An unflattering depiction of Pepys and his poor attitude to the black settlers in Sierra Leone can be found in
Professor Simon Schama's book Rough Crossings: Britain, the Slaves and the American Revolution (2005).
It is to be hoped that at least his layout of some of the earliest streets in Freetown has survived the passage of
time and the destructive civil war fought in Sierra Leone between 1991 and 2002.
References
1. Anna Maria Falconbridge, Narrative of Two Voyages to the River Sierra Leone during the years 1791-1792-1793
and the Journal of Isaac DuBois, ed by Christopher Fyfe, Liverpool University Press, 2000, pp175, 183
2. Christopher Fyfe, A History of Sierra Leone, Oxford University Press, 1962, pp41, 44, 47, 49, 59 & 61.

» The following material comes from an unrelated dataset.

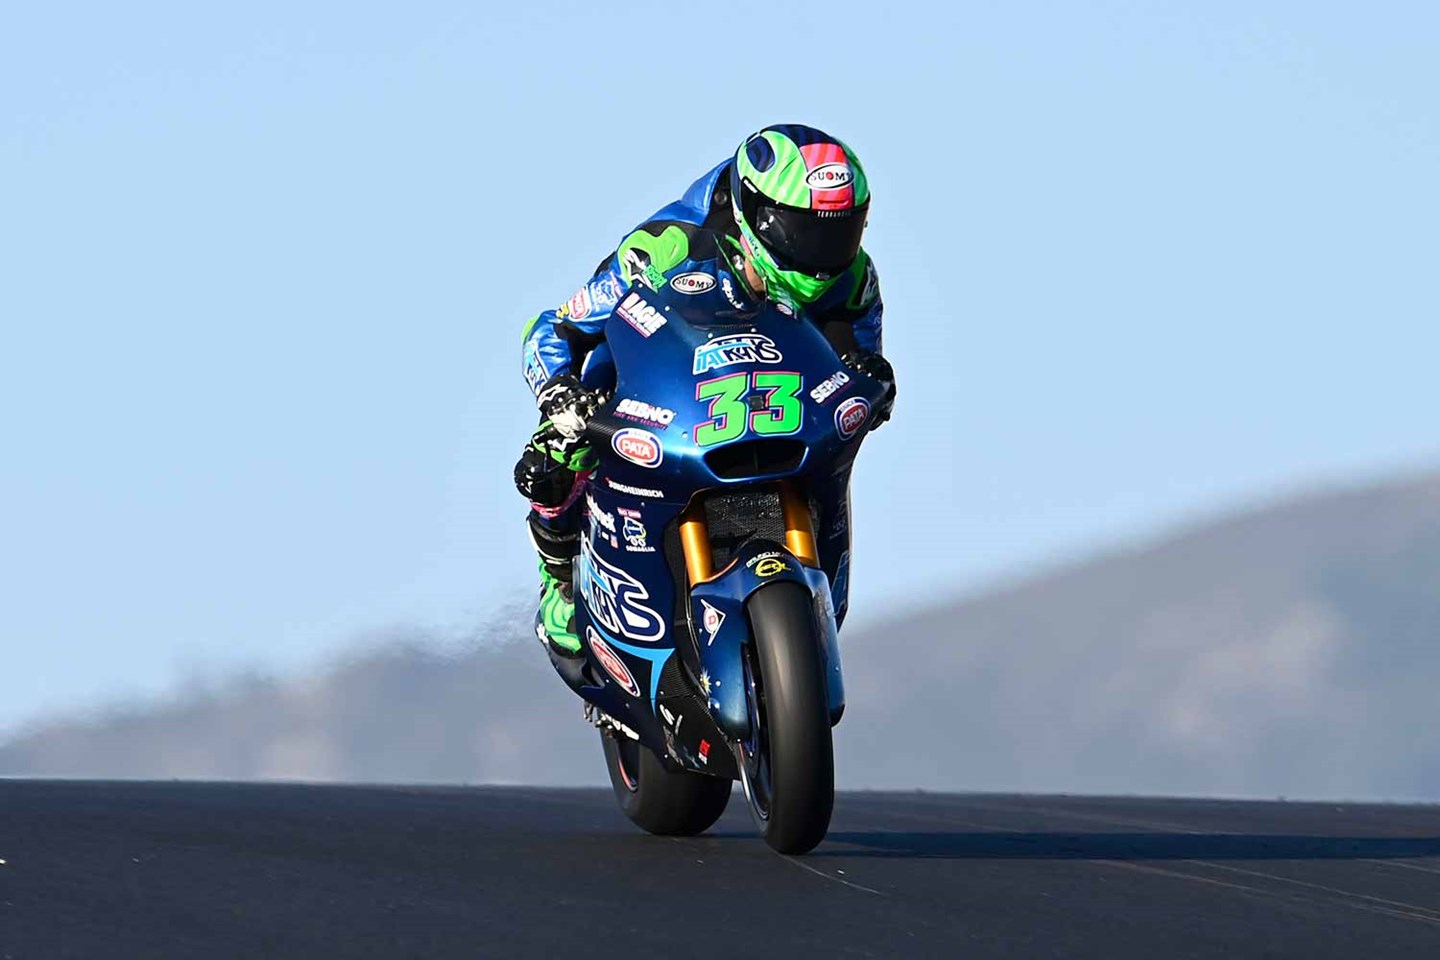 MotoGP, 2020, Portimão: Miguel Oliveira, auto-análise de uma corrida  perfeita - MotoSport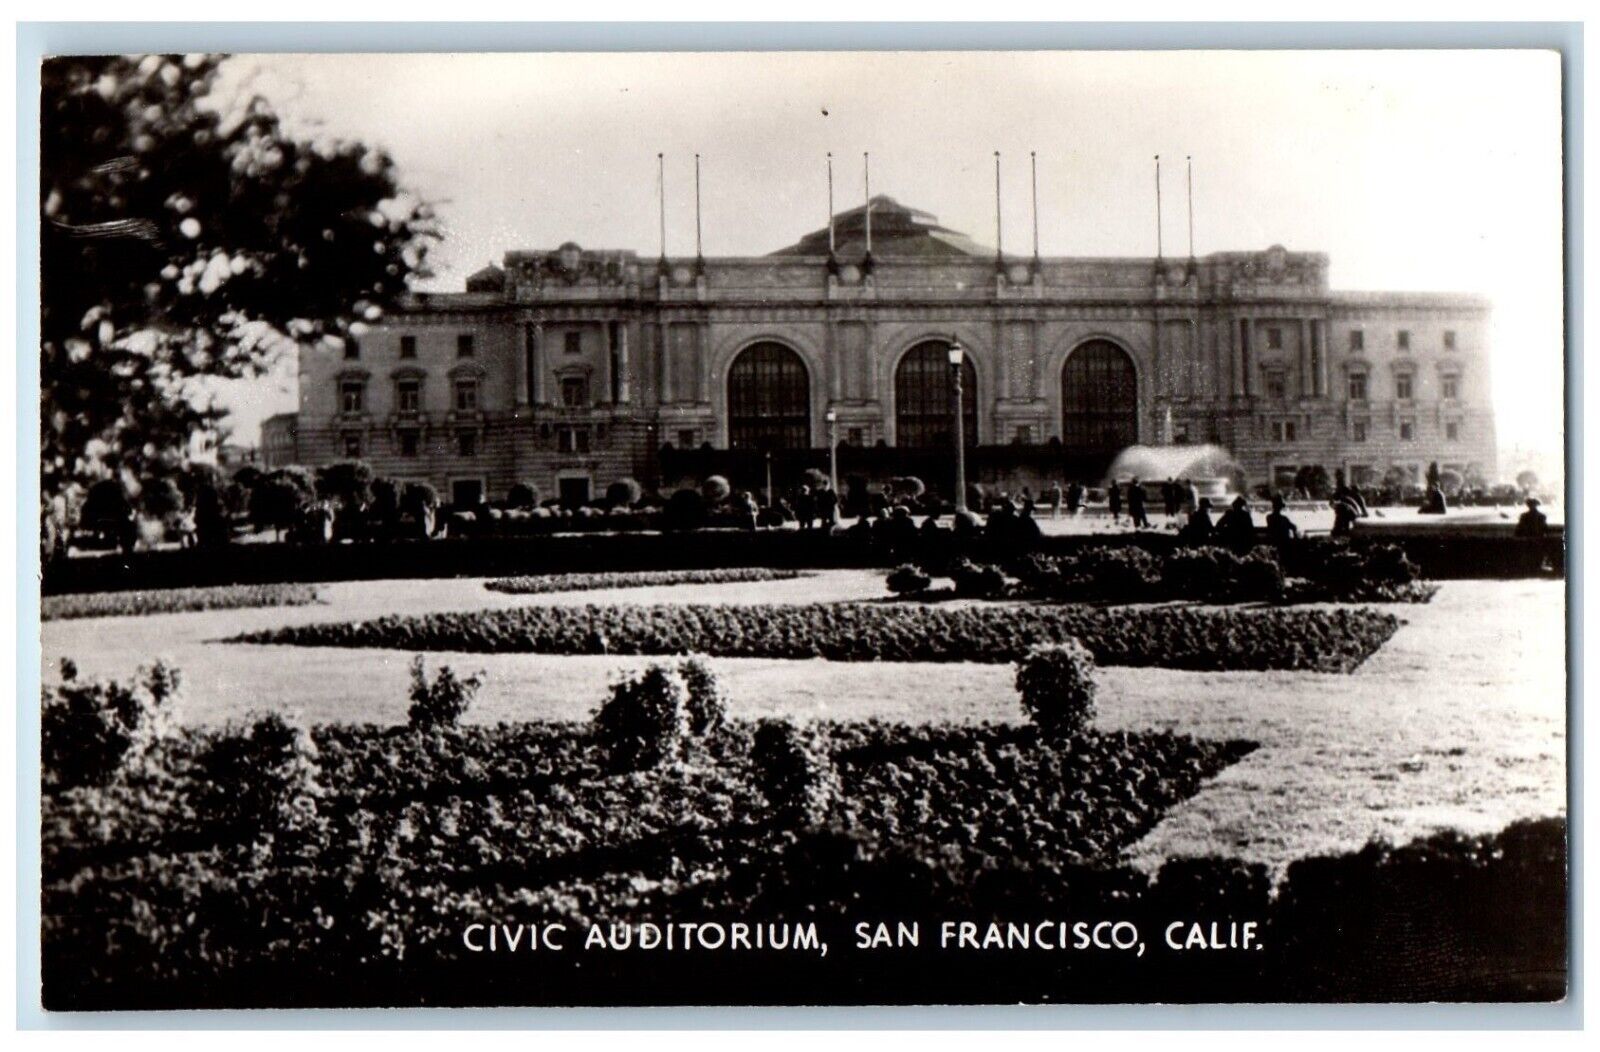 San Francisco California CA Postcard RPPC Photo Civic Auditorium Building c1930s

3. The Long Room, Journal of the HAC, 28 (1951), pp109-111.
4. G.A. Raikes, The History of the Honourable Artillery Company, 2 vols, Bentley, London 1878-79, Vol II, pp 86-
87, 112, 122-124.
5. Substance of the Report Delivered by the Court of Directors of the Sierra Leone Company to the General Court
of Proprietors on Thursday the 27th March 1794, London, James Phillips, 1794, p15.
6. Substance of the Report of the Court of Directors of the Sierra Leone Company Delivered to the General Court
of Proprietors on Thursday the 26th February 1795, London, James Phillips, 1794, pp7, 12-14.